BEGIN

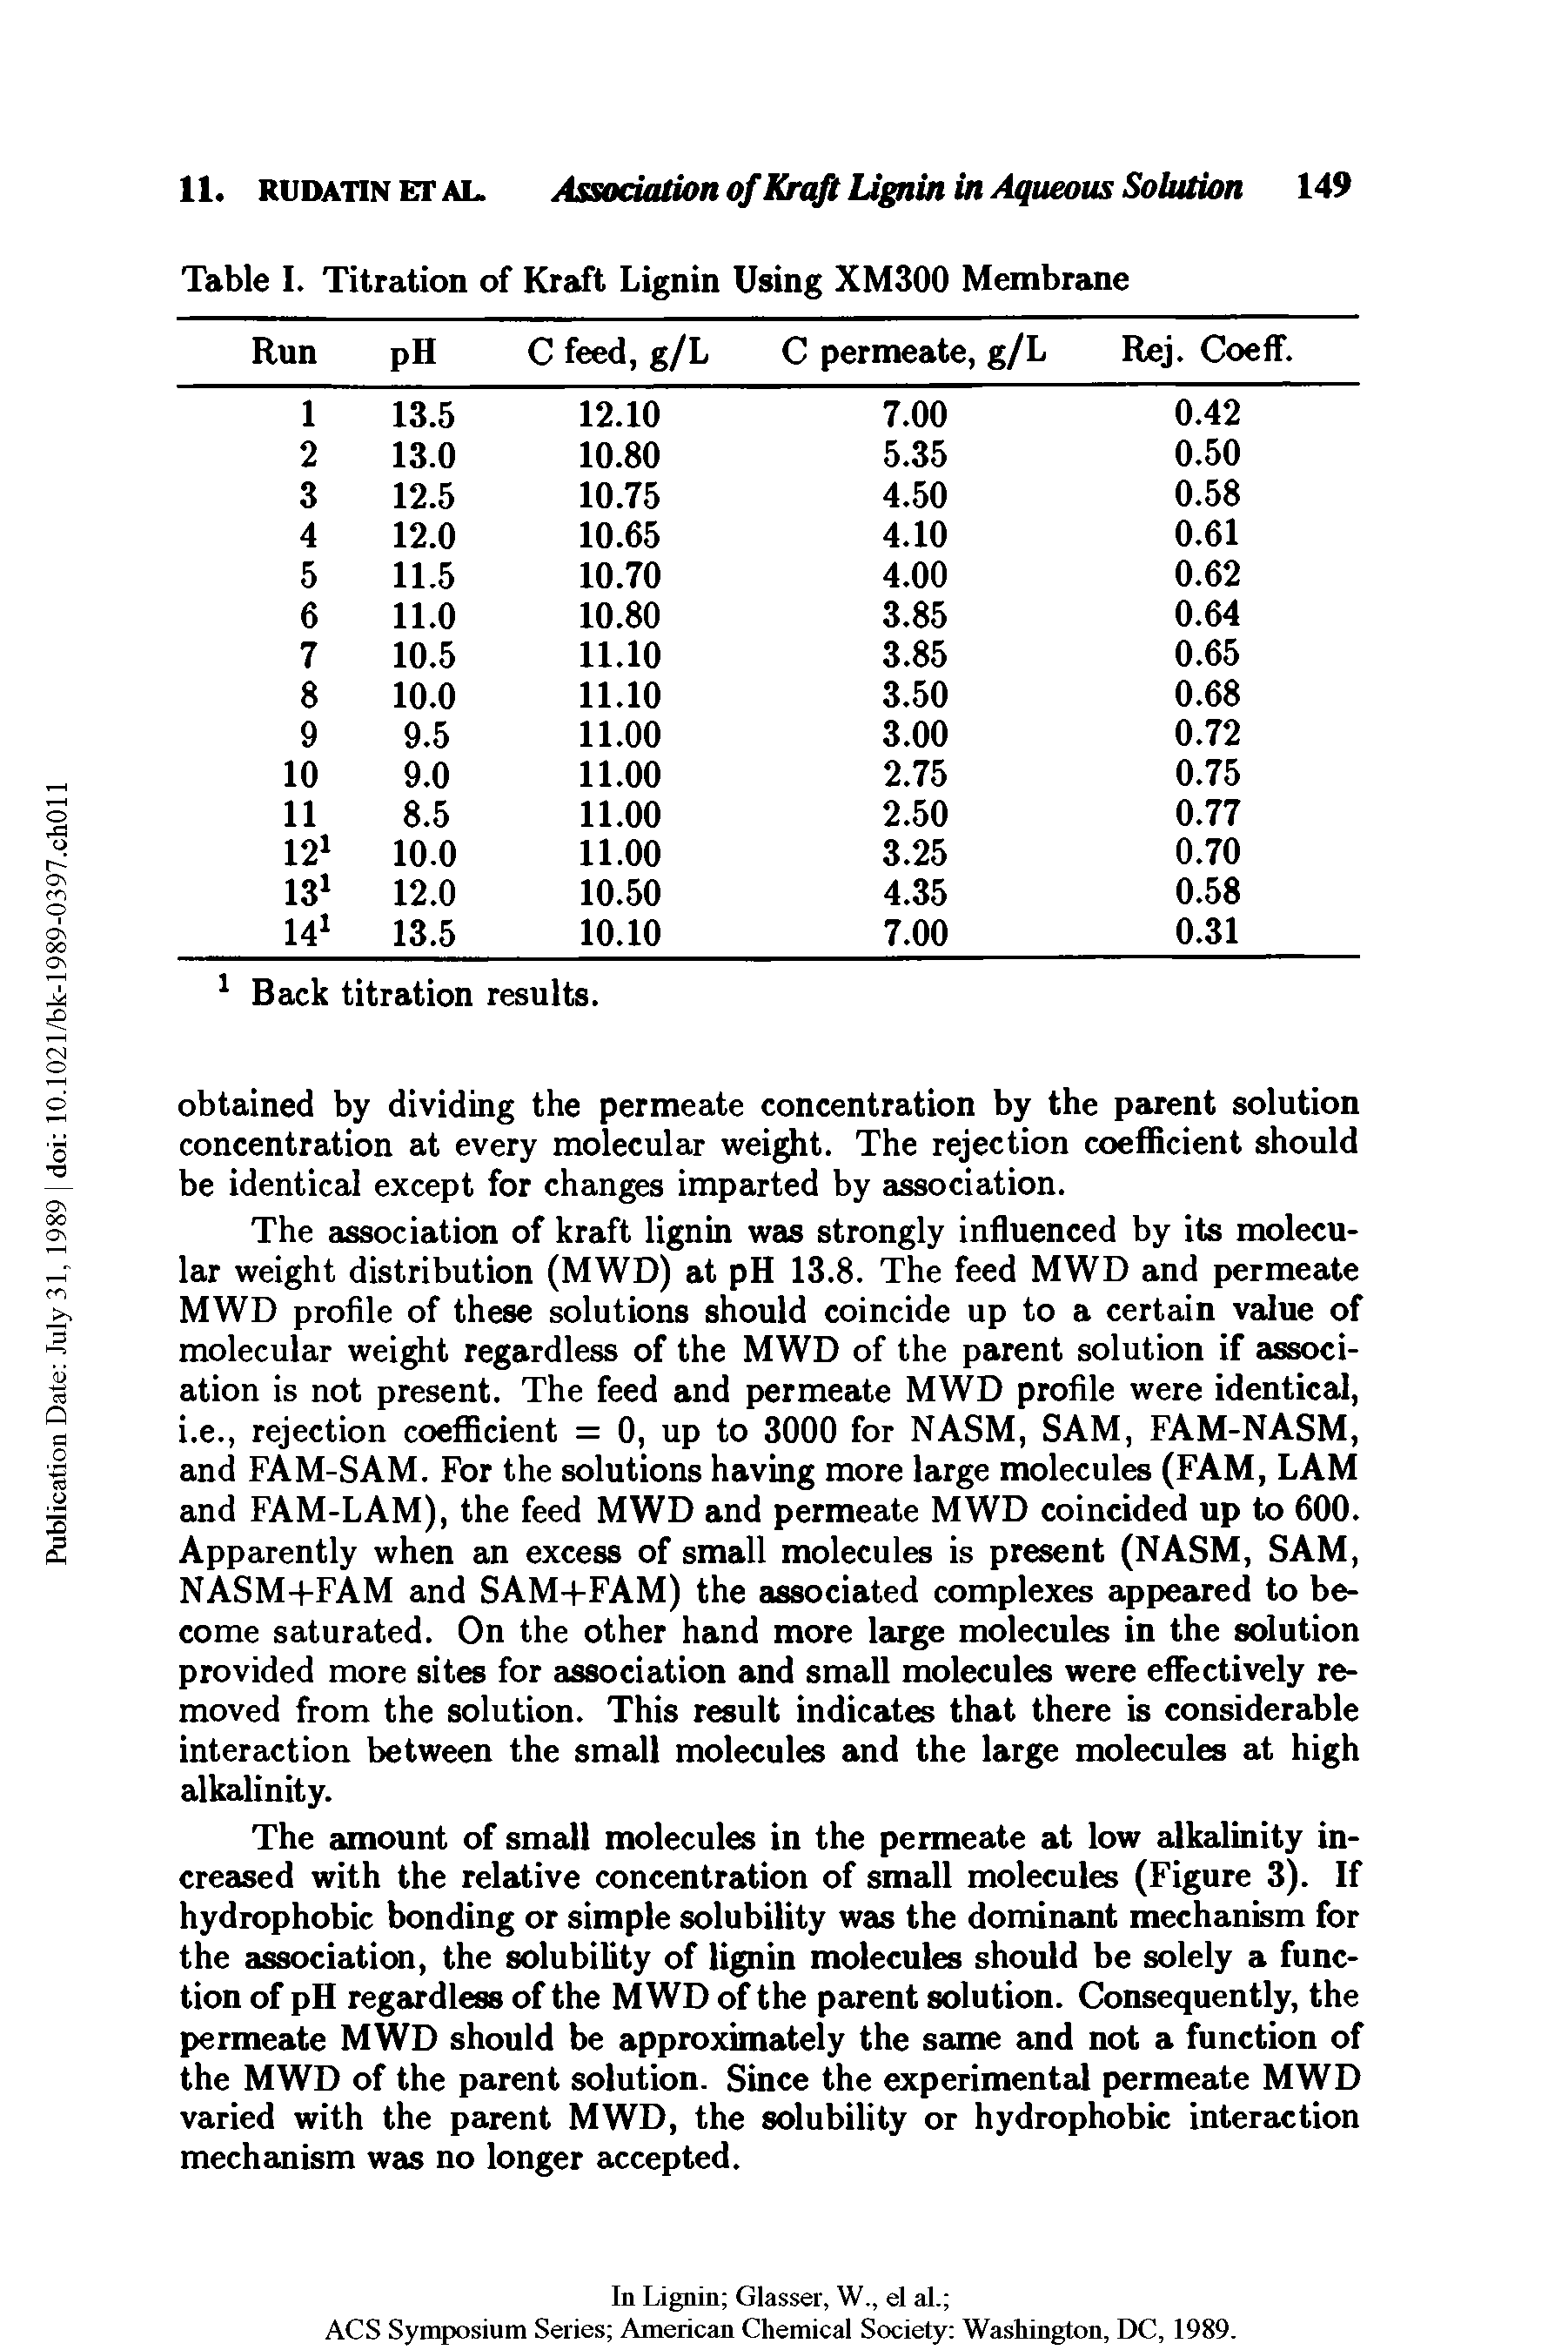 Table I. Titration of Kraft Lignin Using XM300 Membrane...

END
BEGIN

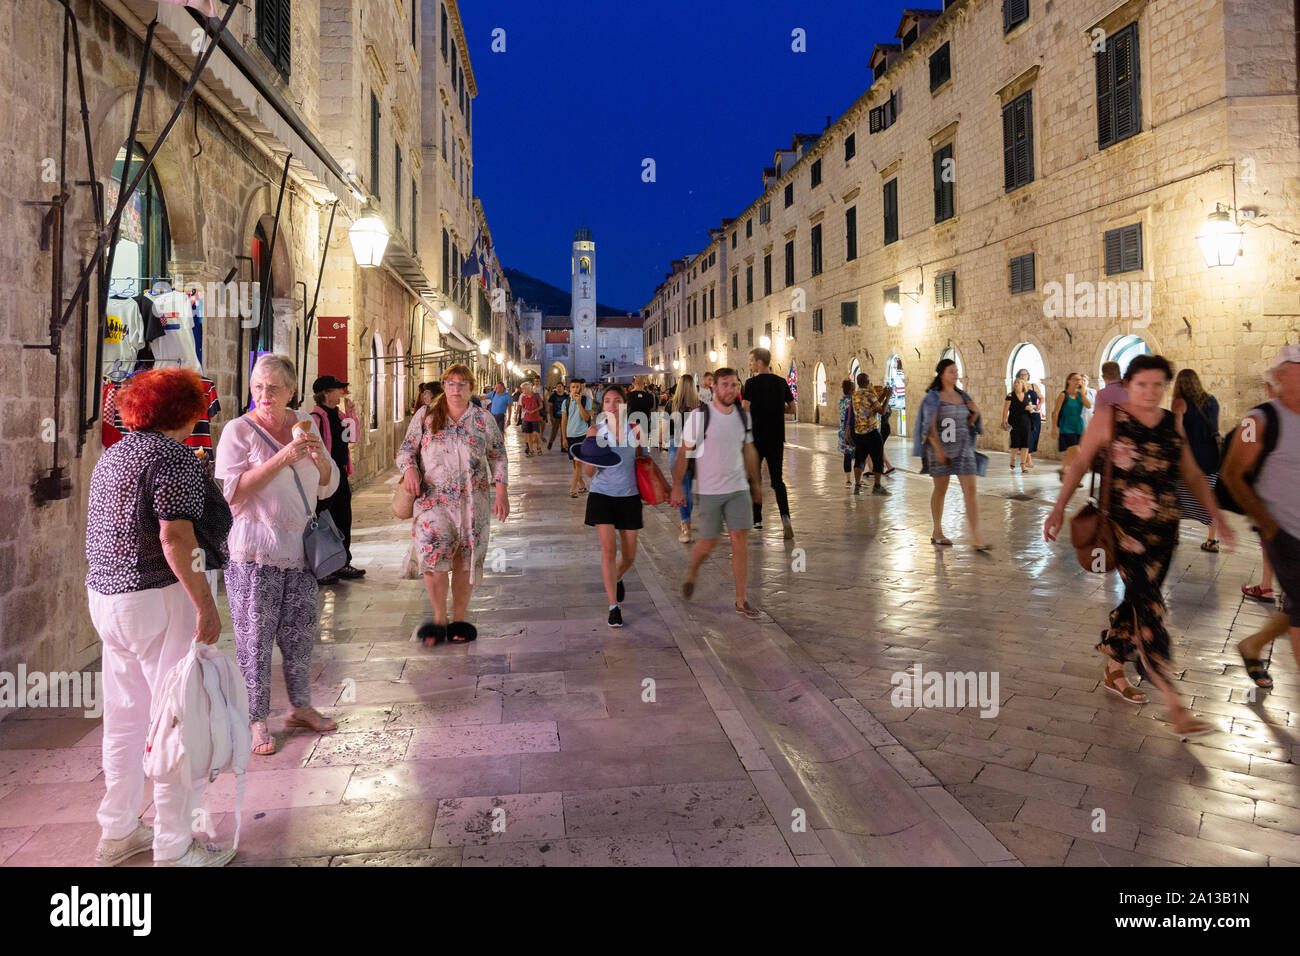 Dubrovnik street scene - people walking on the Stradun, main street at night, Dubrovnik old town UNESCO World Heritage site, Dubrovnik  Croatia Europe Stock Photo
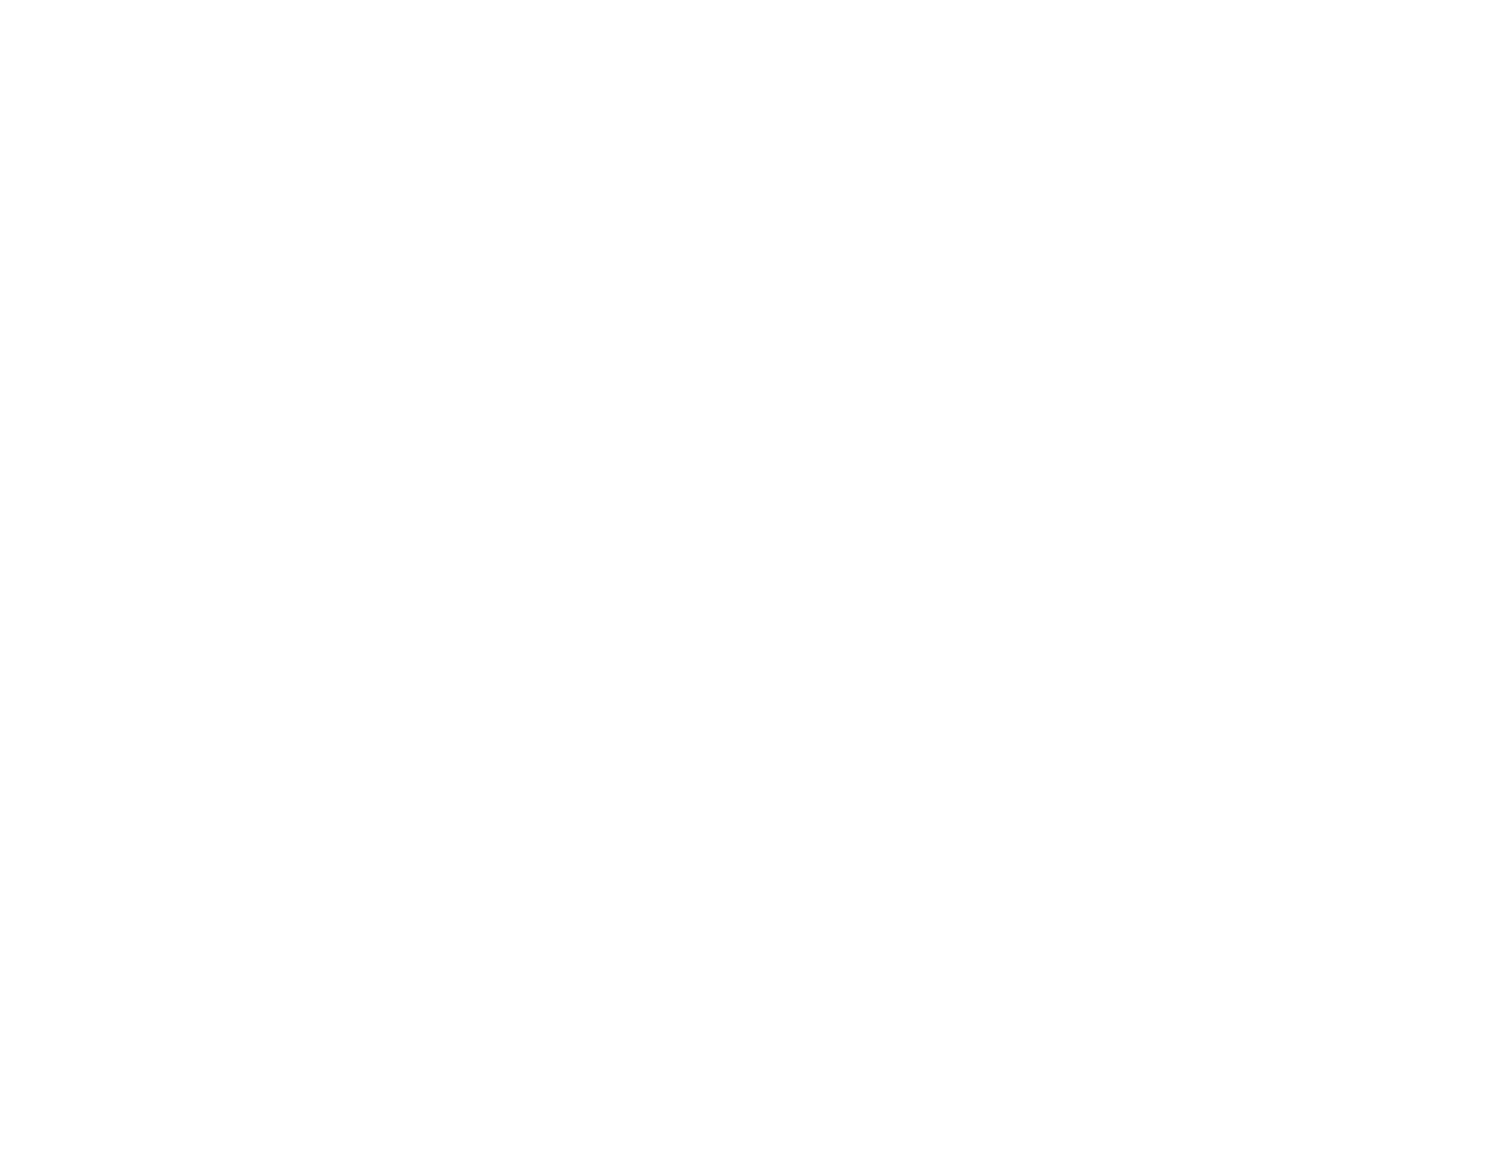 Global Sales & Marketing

END

- _TASK ITEM_: Write down exactly what the lines above say, from the line holding "Dubrovnik street scene" through the line holding "Global Sales & Marketing", and nothing more. Do not copy the pictures.

- _WRITTEN SOLUTION_:
 Dubrovnik street scene - people walking on the Stradun, main street at night, Dubrovnik old town UNESCO World Heritage site, Dubrovnik  Croatia Europe Stock Photo
 Global Sales & Marketing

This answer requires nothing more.